查看：129 发布时间：2020/5/26 19:41:12 r apache-spark persistence sparklyr

本文介绍了如何在Sparklyr中持久?的处理方法，对大家解决问题具有一定的参考价值，需要的朋友们下面随着小编来一起学习吧！

问题描述

我在项目中使用Sparklyr，并且了解持久性非常有用.为此，我正在使用sdf_persist并使用以下语法(如果我输入错了，请纠正我):

I am using Sparklyr for a project and have understood that persisting is very useful. I am using sdf_persist for this, with the following syntax (correct me if I am wrong):

data_frame <- sdf_persist(data_frame)

现在我已经达到了在内存中存储太多RDD的地步，因此我需要取消持久一些RDD.但是我似乎找不到在Sparklyr中执行此操作的函数.请注意，我已经尝试过:

Now I am reaching a point where I have too many RDDs stored in memory, so I need to unpersist some. However I cannot seem to find the function to do this in Sparklyr. Note that I have tried:

dplyr::db_drop_table(sc, "data_frame")
dplyr::db_drop_table(sc, data_frame)
unpersist(data_frame)
sdf_unpersist(data_frame)

但是这些都不起作用.

此外，我试图避免使用tbl_cache(在这种情况下，似乎db_drop_table有效)，因为sdf_persist似乎在存储级别提供了更多的自由.可能是我在这里错过了如何使用持久性的全景图，在这种情况下，我很乐意学习更多.

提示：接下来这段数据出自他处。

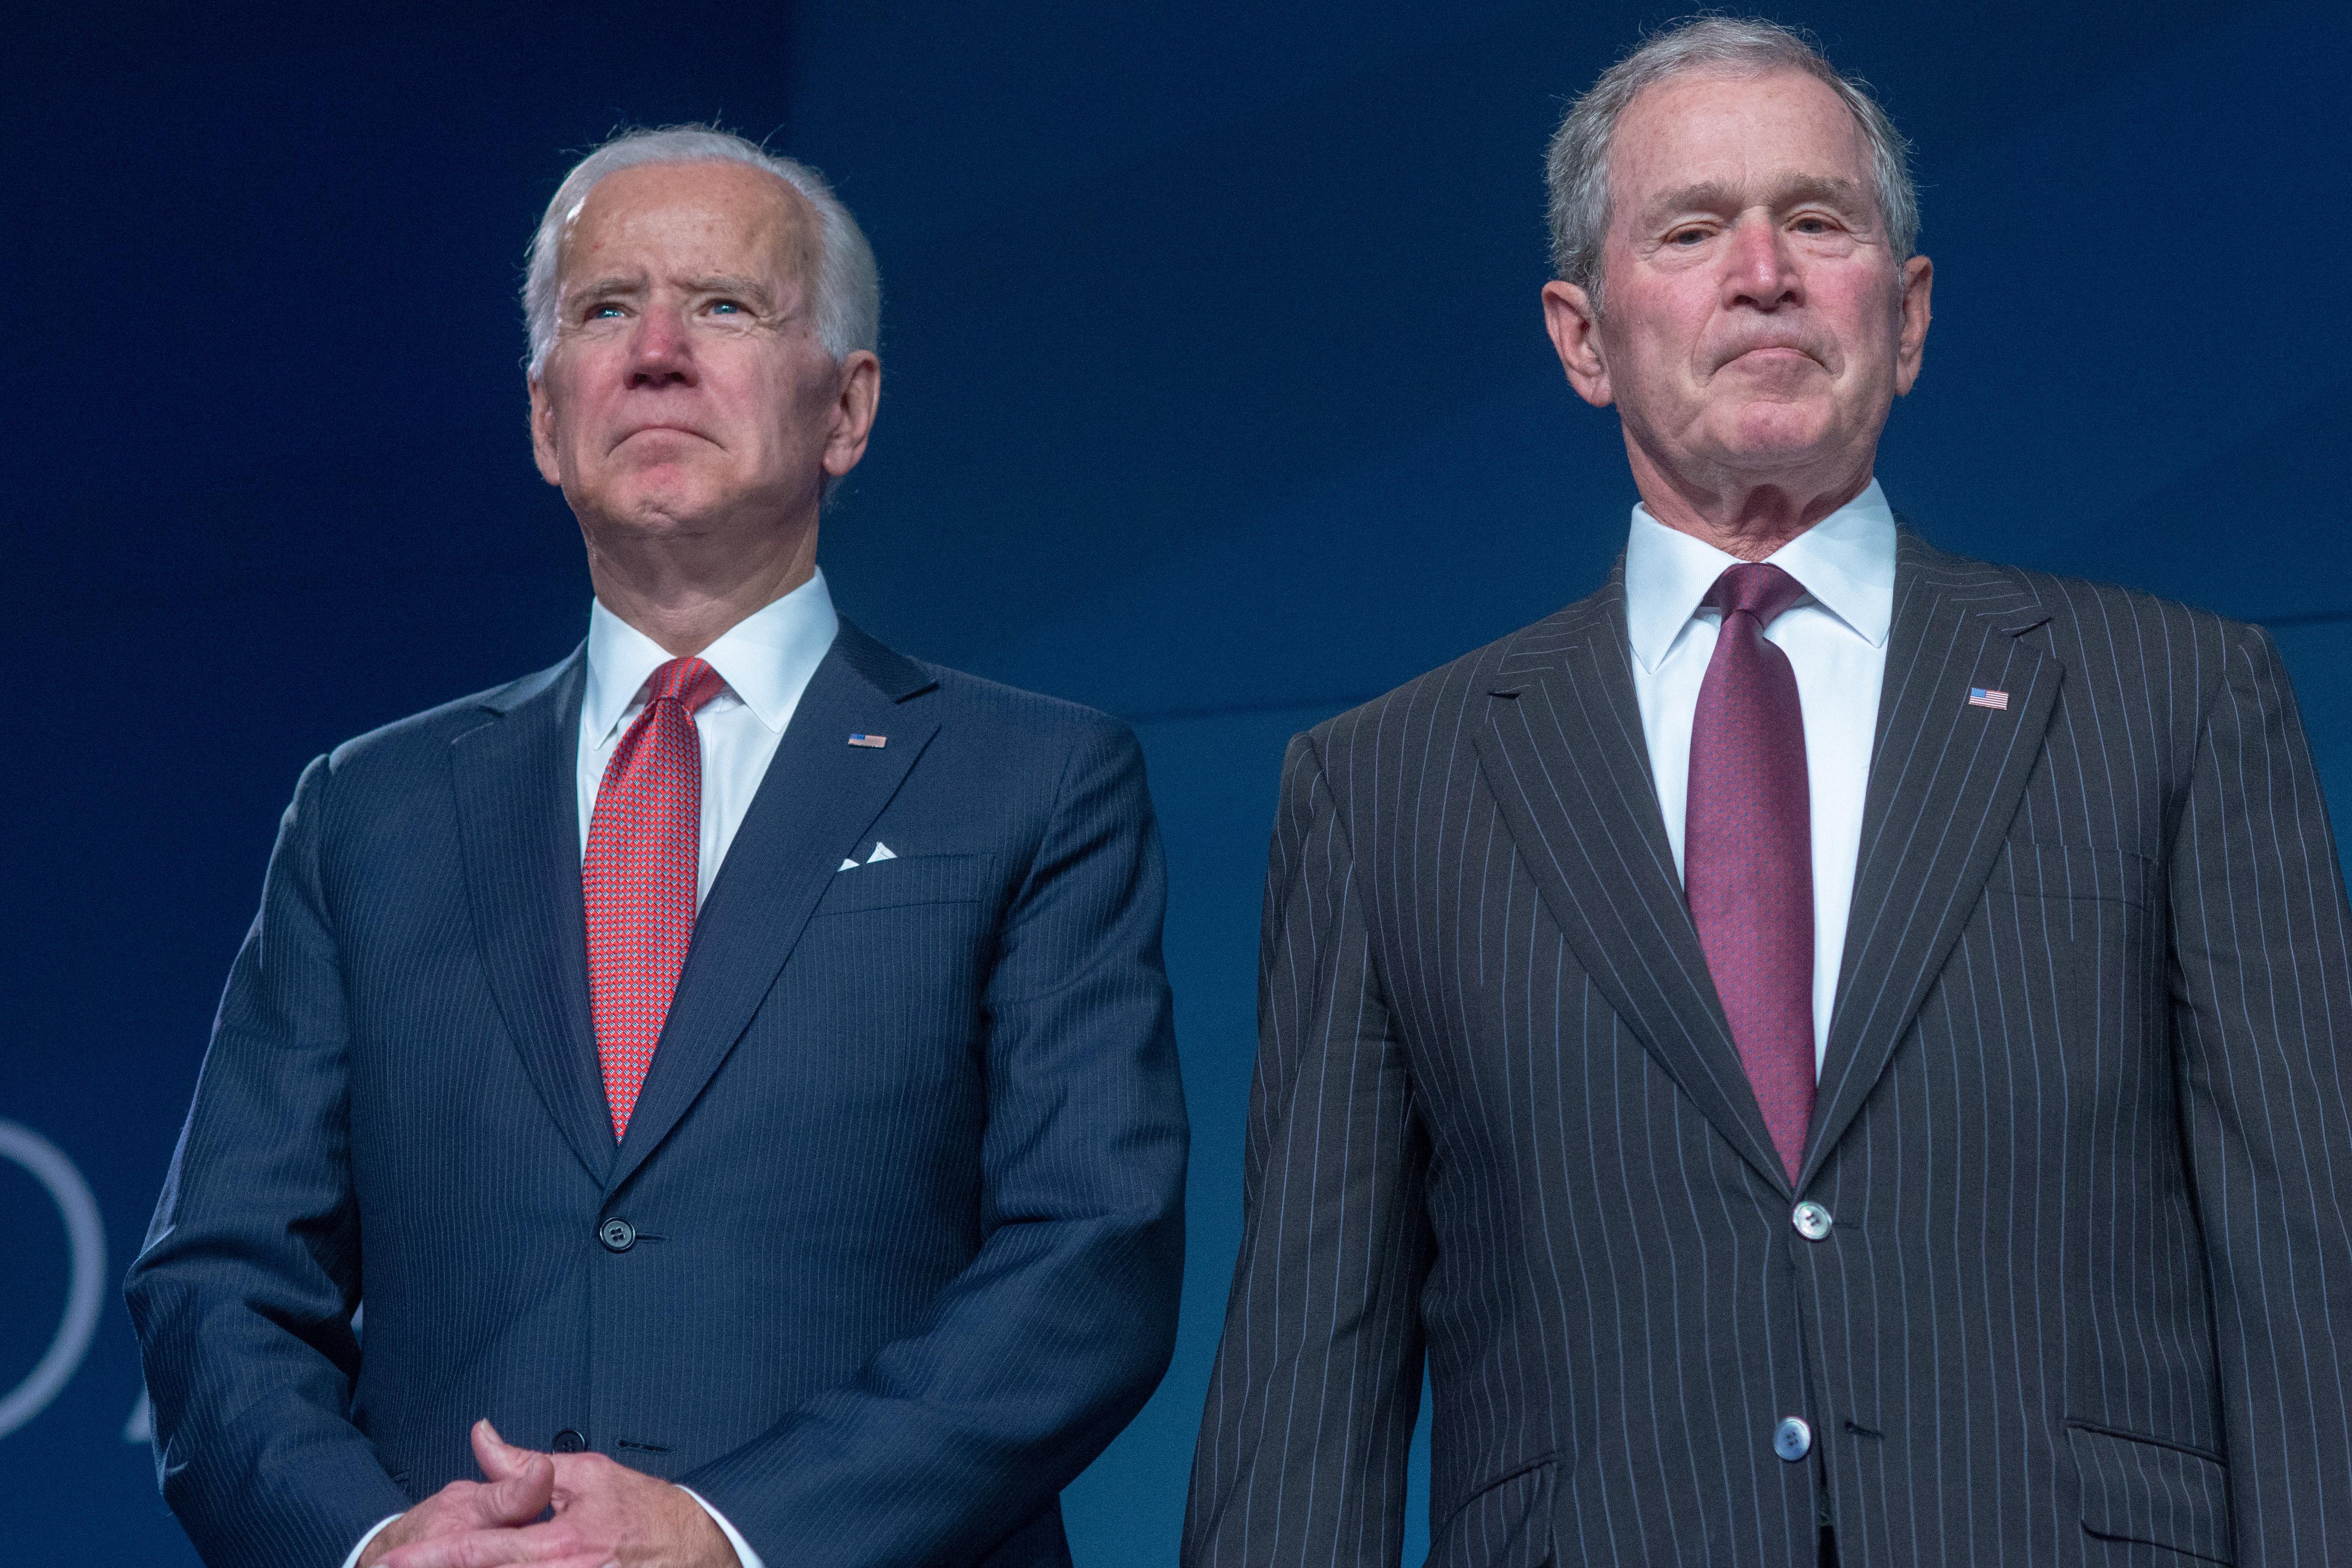 Former Vice President Joe Biden presents George W. Bush and Laura Bush the 2018 Liberty Medal at The National Constitution Center on November 11, 2018 in Philadelphia, Pennsylvania.

Also, I am trying to avoid using tbl_cache (in which case it seems that db_drop_table works) as it seems that sdf_persist offers more liberty on the storage level. It might be that I am missing the big picture of how to use persistence here, in which case, I'll be happy to learn more.

推荐答案

如果您不关心粒度，那么最简单的解决方案是调用Catalog.clearCache:

If you don't care about granularity then the simplest solution is to invoke Catalog.clearCache:

spark_session(sc) %>% invoke("catalog") %>% invoke("clearCache")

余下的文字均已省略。